Jedna z nauczycielek oprócz uczenia prowadzi również swój sklep. Niezbędne zakupy robię więc u niej, bez wychodzenia z domu.. zamówienia
składam sms-em ;) Nauczyłem ją mówić po polsku: „dzień dobry” i „dziękuję”,
więc teraz mi odpisuje „ Jin dobre” i „Jink uye” (dla sprostowania - pisowni jej nie uczyłem).
Mój ziomek Bidzik (najlepszy nauczyciel j. angielskiego w
szkole) chciał obejrzeć moje zdjęcia z Polski, więc mu pokazałem. Cały czas nie
może pojąć jak to możliwe, że w miastach nie mamy pól ryżowych, albo
przynajmniej zbożowych… Zatrzymał się również na zdjęciu mojego psa i zapytał:
-„ Jaka jest jego funkcja?”
- „Funkcja?

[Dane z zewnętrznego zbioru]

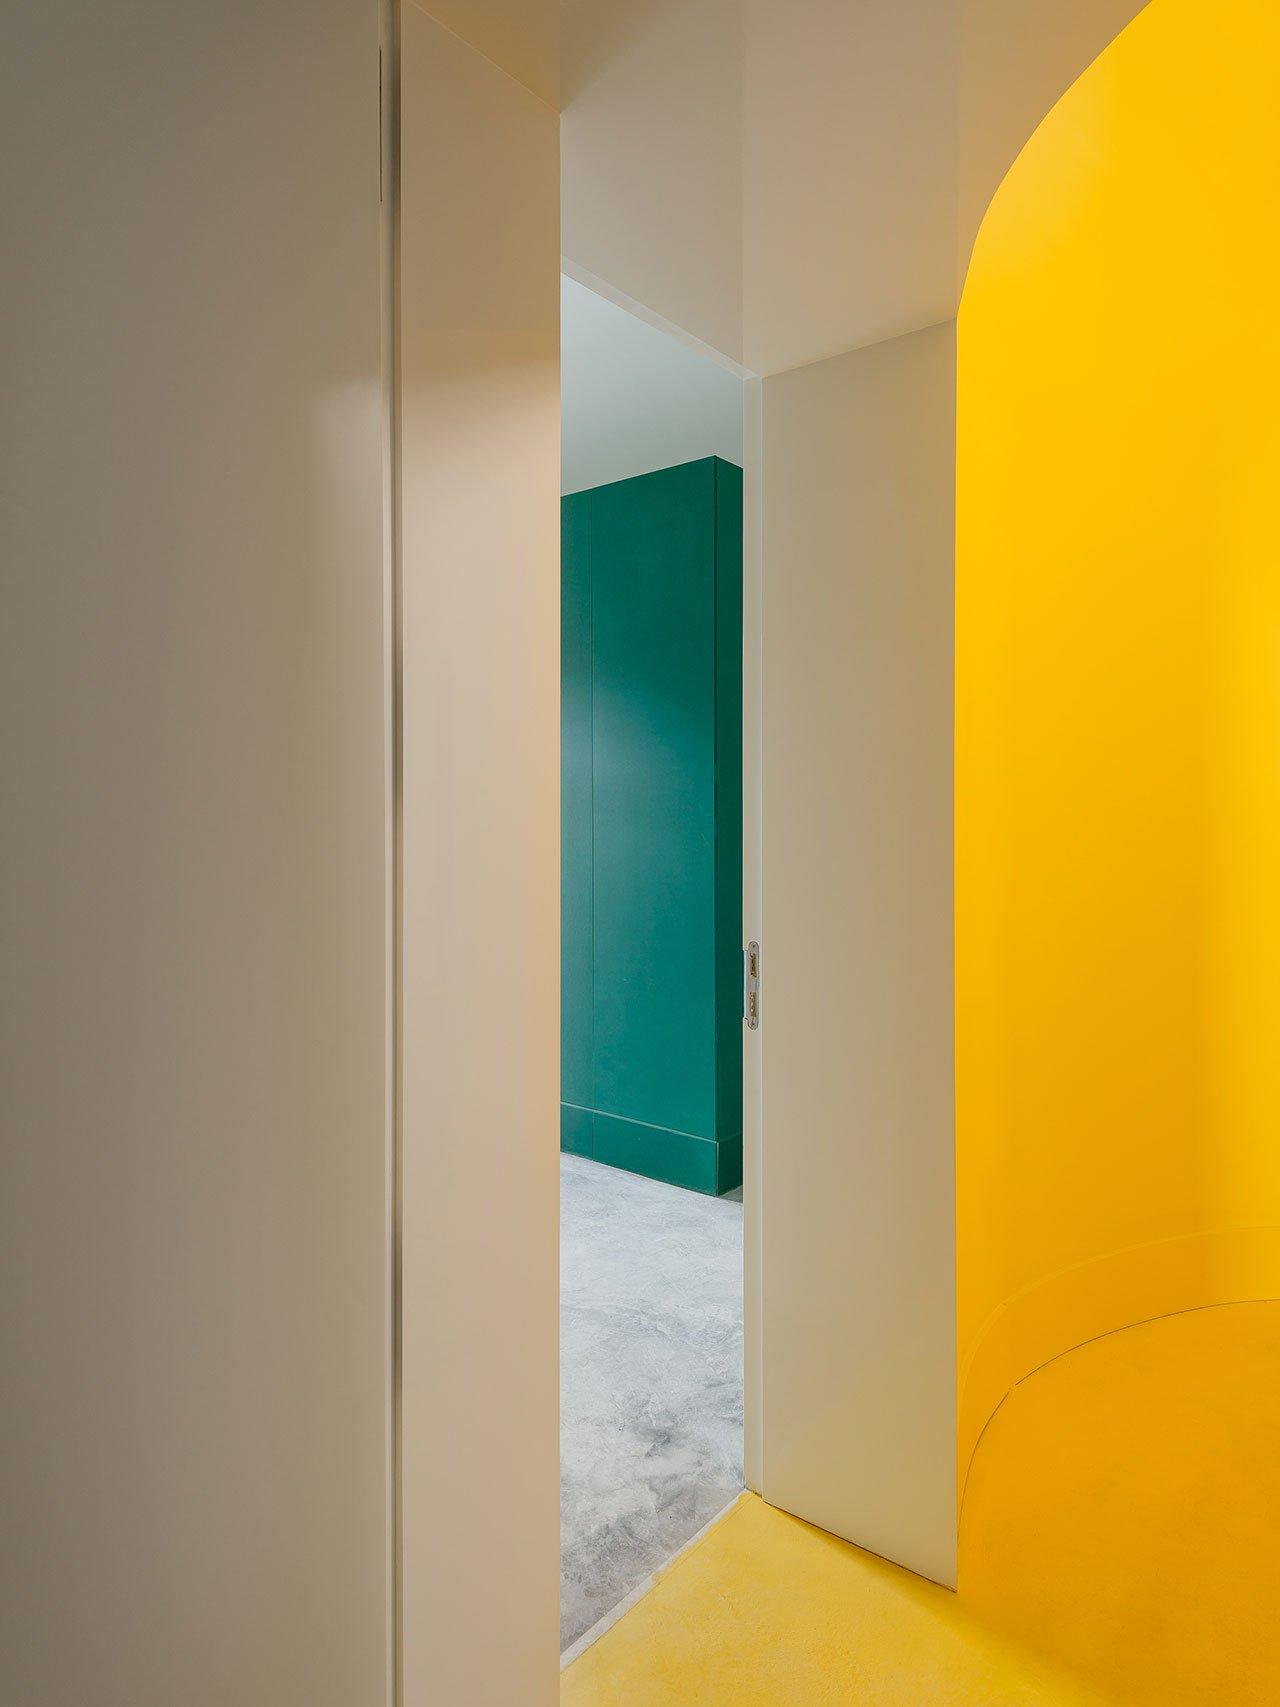 s6_hostel_in_parede_cascais_portugal_aurora_arquitectos_photo_do_mal_o_menos_yatzer.jpg

Leży w domu cały czas, czasami chce się bawić”
- „Jak to leży w domu, bierzecie go na polowania?”
- „(śmiech) Nie!”
- „Więc po co go trzymacie?”
Ehh śmiesznie jest z nim czasami…
Czy ten pies wygląda Wam na
łowcę? :D
Chociaż Indonezja jest prawie w całości zamieszkana przez
Muzułmanów, respektują oni również religie mniejszości w tym kraju. Tak więc chrześcijański
Wielki Piątek jest tu dniem wolnym od pracy. Swoją drogą trochę dziwne, bo w
Polsce jest on normalnym dniem. Za to tu Niedziela i Poniedziałek
Wielkanocny są tu zwykłymi dniami roboczymi.
Pomimo wolnego piątku cała rodzina była jak zawsze wcześnie
„na nogach” – przed 6:00. Tylko ja zawsze przedłużam sobie sen, jak tylko mogę
– „jeszcze 5 min, jeszcze 5 min..." i w końcu wstaję o 6:30.
W piątek jadąc na ryby pierwszy raz zauważyłem
węża pływającego w kanale. Był jednak mały i podobno niegroźny.
A to świeżo złapana krewetka
Więcej krewetek...
A tu świeże leszcze ;)
I tratwa, która nie potrafiła utrzymać na powierzchni wody nawet jednego człowieka...
***
Pierwszy raz spędzam Święta poza krajem. Równocześnie będą
to moje „najcieplejsze” święta. Życzę Wam wszystkim w Polsce Wesołych i również
ciepłych Świąt – albo przynajmniej bez śniegu :)
***
Przeczytałam wszystkie wpisy jednym tchem. Twoja wyprawa jest niesamowita:) Czekam na więcej.